Mortel. C’est l’un des programmes de Médecins Sans Frontières. Ils m’ont dit à plusieurs reprises : « Je préfère être tué par les bombes, quand une bombe tombe sur moi, je ne veux pas survivre parce que je vais mourir lentement ». Les suicides frappent à la porte.
La situation dans les hôpitaux a été qualifiée de « dantesque ».
Gaza comptait 36 hôpitaux et il y en a désormais 11 ouverts, dont deux seulement dans le nord. Les hôpitaux sont devenus des villes parce que les gens y cherchent refuge, les couloirs sont habités par des familles avec leurs matelas, leurs draps…
Y a-t-il suffisamment de matériel pour soigner le grand nombre de blessés ?
Elle est rare et le deviendra encore plus tant que les frontières ne seront pas ouvertes à l’aide humanitaire.
L’ensemble de la population gazaouie est durement touchée, en particulier les enfants.

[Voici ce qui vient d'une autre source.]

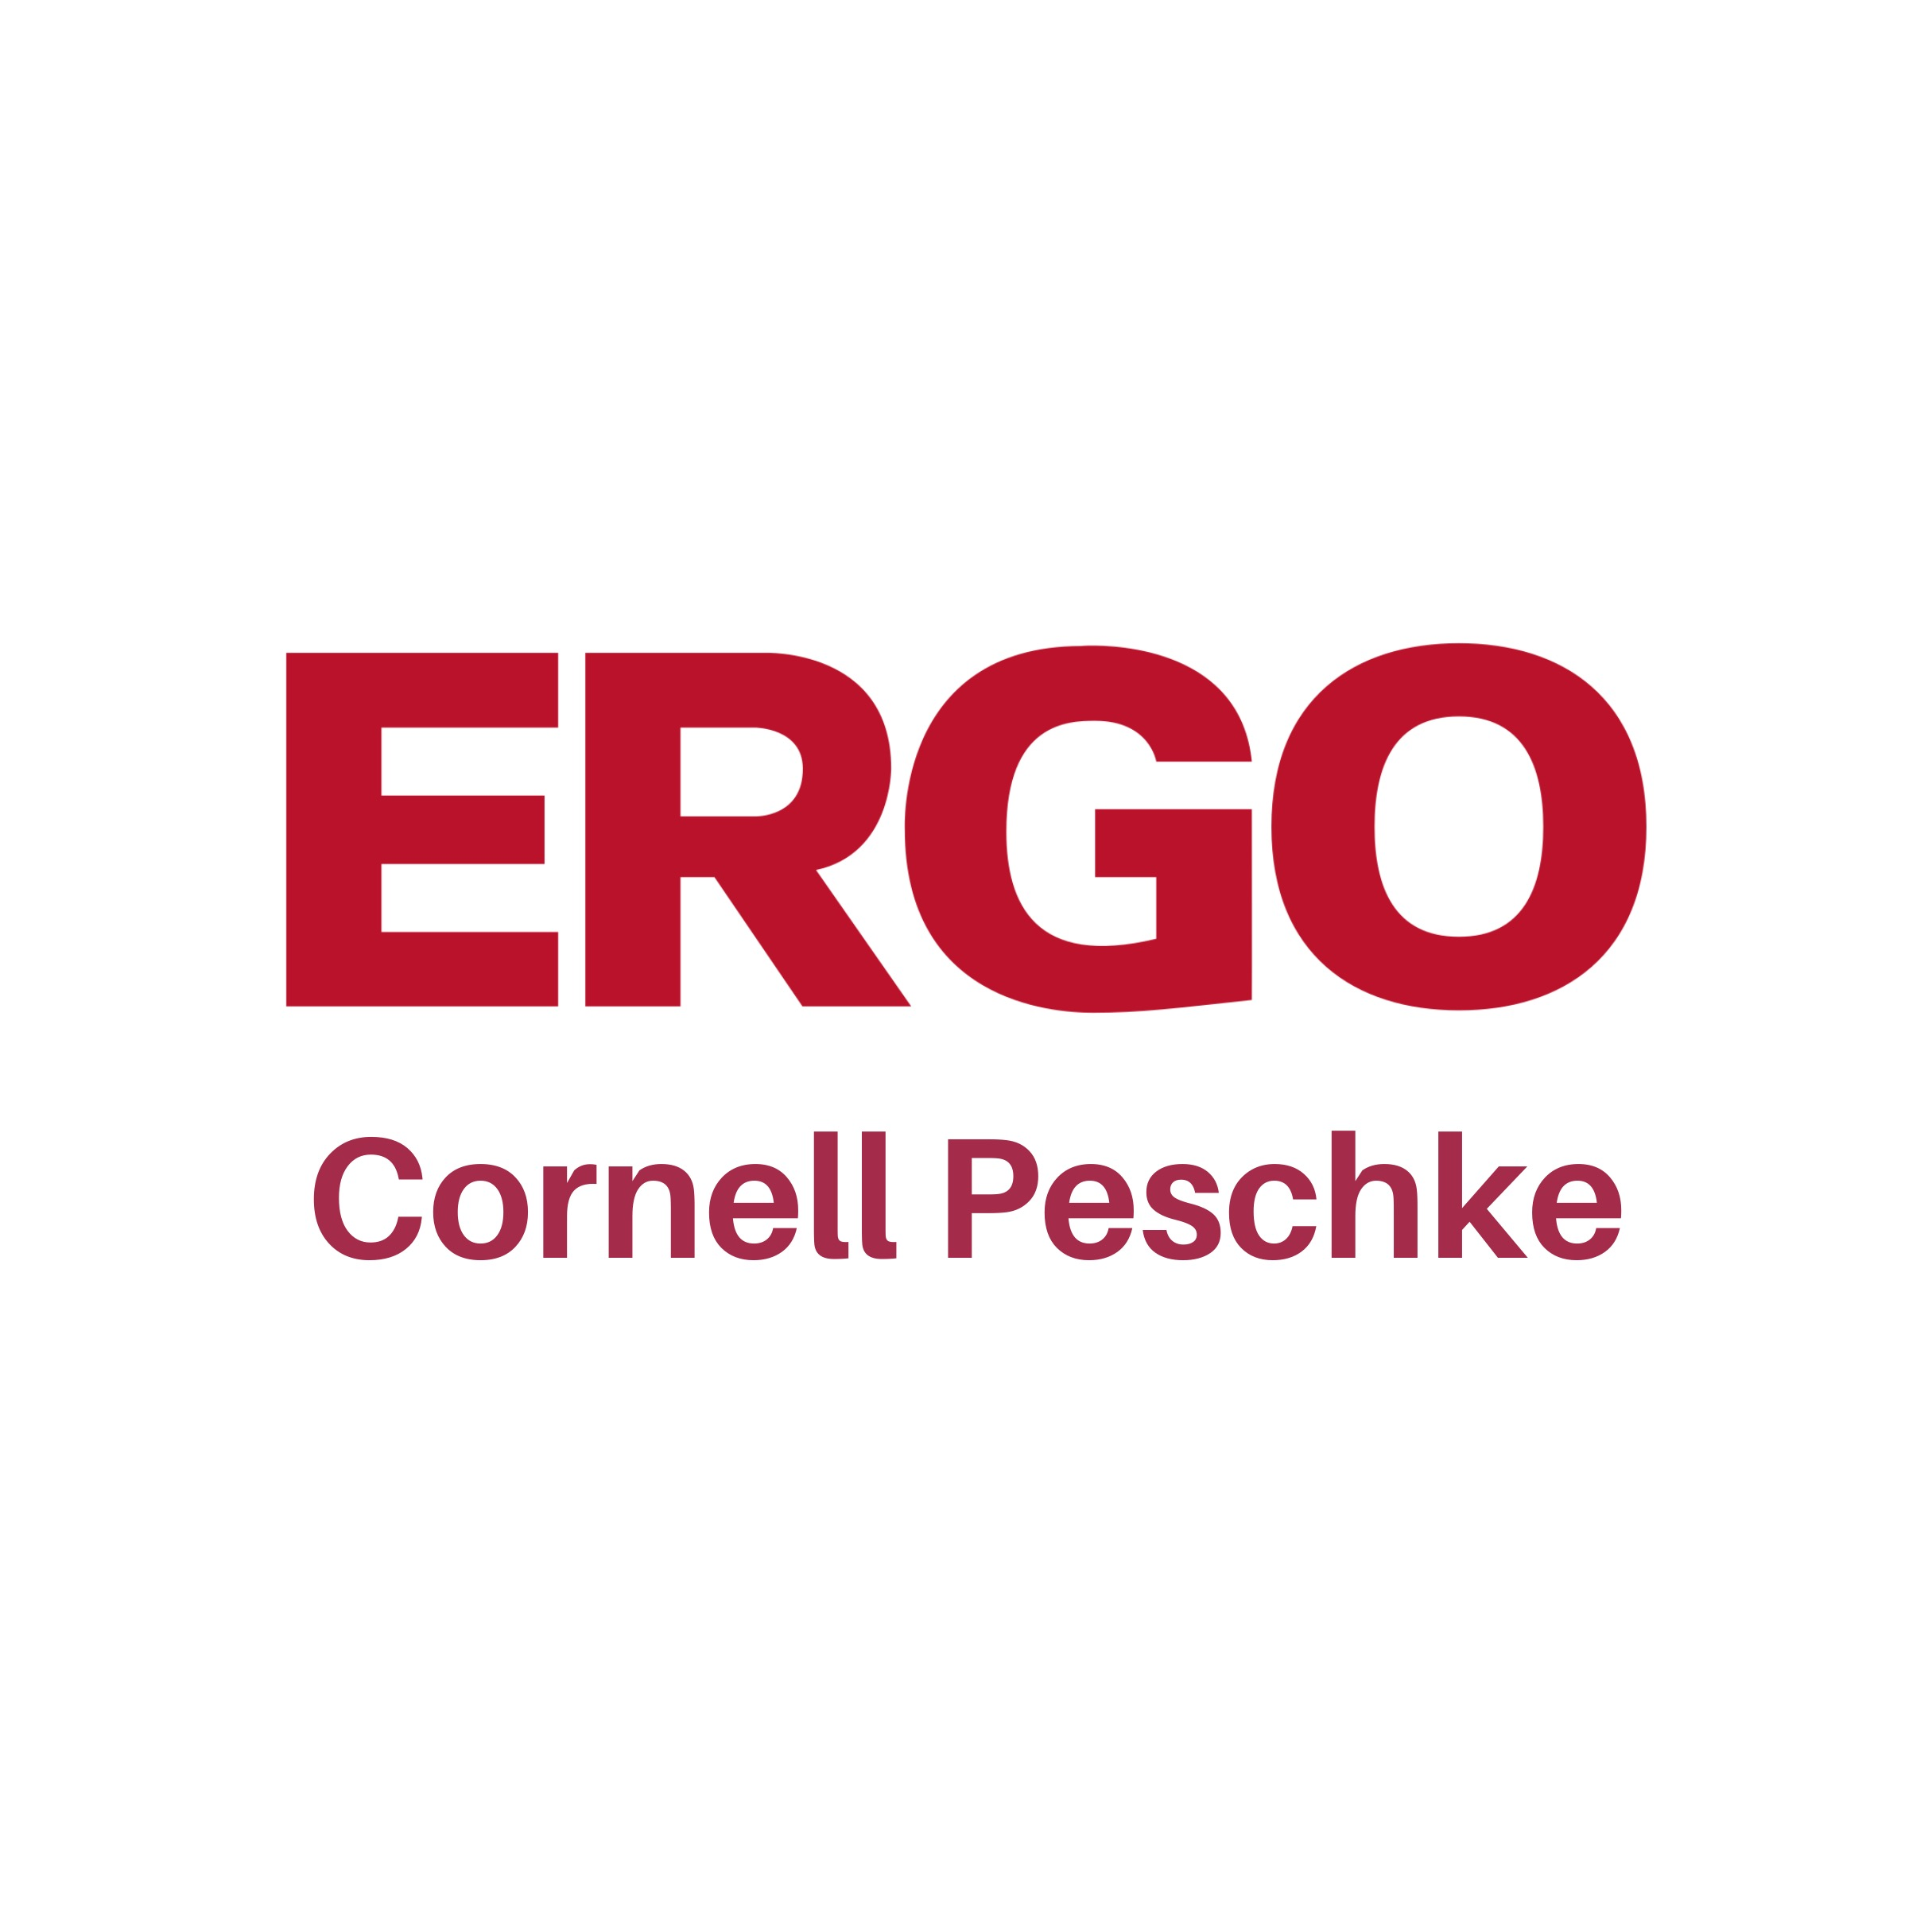 Logo ERGO Cornell Peschke

Les enfants sont les plus grandes victimes. Les drones sonnent 24h/24, la mort en permanence dans le ciel. Les enfants l’ont tellement assimilé qu’ils jouent au football et comme si de rien n’était, peu importe. Pareil en entendant les explosions. Ils l’ont déjà intériorisé. Qu’est-ce que c’est? Des enfants de 5, 6, 7 ans qui ne bronchent pas lorsqu’ils entendent les explosions ? Quelles conséquences psychologiques cela aura-t-il ? Il existe un acronyme, WCNSF (Wounded Children Not Surviving Family) pour désigner les enfants blessés issus de familles non survivantes. Il y a beaucoup de. Les médecins sont arrivés tachés d’excréments et de sang d’enfants qui avaient relâché leurs sphincters avant de mourir. Nous l’avons vécu à l’hôpital Al Nasser, lors de la première arrivée massive de blessés. 120 personnes sont arrivées, dont 70 déjà mortes. Ils n’abandonnent jamais leurs morts, ils les emmènent à l’hôpital.